The constitution provides for freedom of religion, including the freedom of individuals to change their religion, and prohibition of discrimination based on creed. A law criminalizing “blasphemous libel” is unenforced.
Religious groups are not required to register. If they wish to obtain duty free import privileges and tax benefits, however, they are required to register with the Corporate Affairs and Intellectual Property Office. To do so, a religious group must file the applicable form, with a resolution passed by the majority of its board of trustees expressly authorizing the application, and a related statutory declaration.
The public school curriculum includes religious “values education.” The focus is on Christianity, but representatives from other religious groups are also invited to speak to students. The constitution grants religious groups the right to establish and maintain private schools and provide religious instruction. The government provides subsidies or financial assistance to some of these schools. As laid out in the constitution, no person attending any place of education is required to take part in religious instruction, ceremony, or observance without personal consent or (if under the age of 21) consent of the guardian.
The country is a party to the International Covenant on Civil and Political Rights.

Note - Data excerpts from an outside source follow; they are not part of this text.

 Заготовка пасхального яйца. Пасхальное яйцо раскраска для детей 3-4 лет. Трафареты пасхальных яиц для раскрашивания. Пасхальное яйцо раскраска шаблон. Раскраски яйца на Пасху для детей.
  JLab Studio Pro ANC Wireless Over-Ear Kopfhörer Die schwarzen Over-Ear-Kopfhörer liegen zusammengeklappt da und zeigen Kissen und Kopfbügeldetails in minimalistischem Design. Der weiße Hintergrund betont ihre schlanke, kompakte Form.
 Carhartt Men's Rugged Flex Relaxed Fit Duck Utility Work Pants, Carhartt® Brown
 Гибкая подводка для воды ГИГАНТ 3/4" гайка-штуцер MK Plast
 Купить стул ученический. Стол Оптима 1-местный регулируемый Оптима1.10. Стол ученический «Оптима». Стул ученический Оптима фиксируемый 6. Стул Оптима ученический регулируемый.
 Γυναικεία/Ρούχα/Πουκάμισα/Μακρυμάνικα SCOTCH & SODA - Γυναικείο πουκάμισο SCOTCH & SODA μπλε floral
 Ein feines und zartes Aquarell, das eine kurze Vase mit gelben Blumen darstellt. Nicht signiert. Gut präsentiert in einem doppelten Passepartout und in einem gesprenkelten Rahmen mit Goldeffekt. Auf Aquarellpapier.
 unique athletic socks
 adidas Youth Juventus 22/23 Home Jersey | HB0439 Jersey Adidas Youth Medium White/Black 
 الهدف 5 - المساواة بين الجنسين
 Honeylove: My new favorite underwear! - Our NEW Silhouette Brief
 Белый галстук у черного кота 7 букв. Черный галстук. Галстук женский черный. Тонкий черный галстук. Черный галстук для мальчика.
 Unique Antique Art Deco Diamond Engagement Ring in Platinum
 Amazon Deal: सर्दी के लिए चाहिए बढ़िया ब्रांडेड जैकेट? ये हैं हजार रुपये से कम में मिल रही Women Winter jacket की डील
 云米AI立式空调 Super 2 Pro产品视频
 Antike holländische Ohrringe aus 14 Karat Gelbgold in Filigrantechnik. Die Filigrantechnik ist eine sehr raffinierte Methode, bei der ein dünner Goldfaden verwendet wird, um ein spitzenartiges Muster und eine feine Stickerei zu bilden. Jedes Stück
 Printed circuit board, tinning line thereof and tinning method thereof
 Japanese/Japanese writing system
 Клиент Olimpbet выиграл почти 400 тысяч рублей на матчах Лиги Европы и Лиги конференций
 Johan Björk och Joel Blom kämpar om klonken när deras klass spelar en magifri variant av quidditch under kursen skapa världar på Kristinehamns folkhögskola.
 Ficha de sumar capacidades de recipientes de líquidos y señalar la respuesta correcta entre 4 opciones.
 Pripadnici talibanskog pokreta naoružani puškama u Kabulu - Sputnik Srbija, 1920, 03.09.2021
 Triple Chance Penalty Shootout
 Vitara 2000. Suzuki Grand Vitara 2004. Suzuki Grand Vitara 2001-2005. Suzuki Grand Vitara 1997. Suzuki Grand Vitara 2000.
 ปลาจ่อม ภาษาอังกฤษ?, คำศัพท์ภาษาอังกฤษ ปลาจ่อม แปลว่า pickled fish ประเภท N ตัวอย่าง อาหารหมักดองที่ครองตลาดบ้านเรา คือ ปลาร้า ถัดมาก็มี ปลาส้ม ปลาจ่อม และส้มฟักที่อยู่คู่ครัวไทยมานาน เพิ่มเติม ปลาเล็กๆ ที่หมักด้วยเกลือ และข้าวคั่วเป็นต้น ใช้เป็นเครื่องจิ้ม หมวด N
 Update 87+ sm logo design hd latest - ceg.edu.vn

Rastafarians continued to state their objection to the government’s enforcement of the prohibition on marijuana use, which they said was integral to their religious rituals. A Rastafarian activist said that police and immigration officials required Rastafarians to remove head coverings and gave extra scrutiny to Rastafarian women at checkpoints, which they said was a pretext for searching for marijuana.
A Rastafarian activist stated the requirements for vaccinations to enroll in public schools violated Rastafarian religious beliefs.
Representatives from the Barbados Muslim Association said they objected to a government policy requiring women to remove all head coverings for identification and passport photographs. The association continued to ask the government to change its practices to permit head coverings in identification photographs, including passports.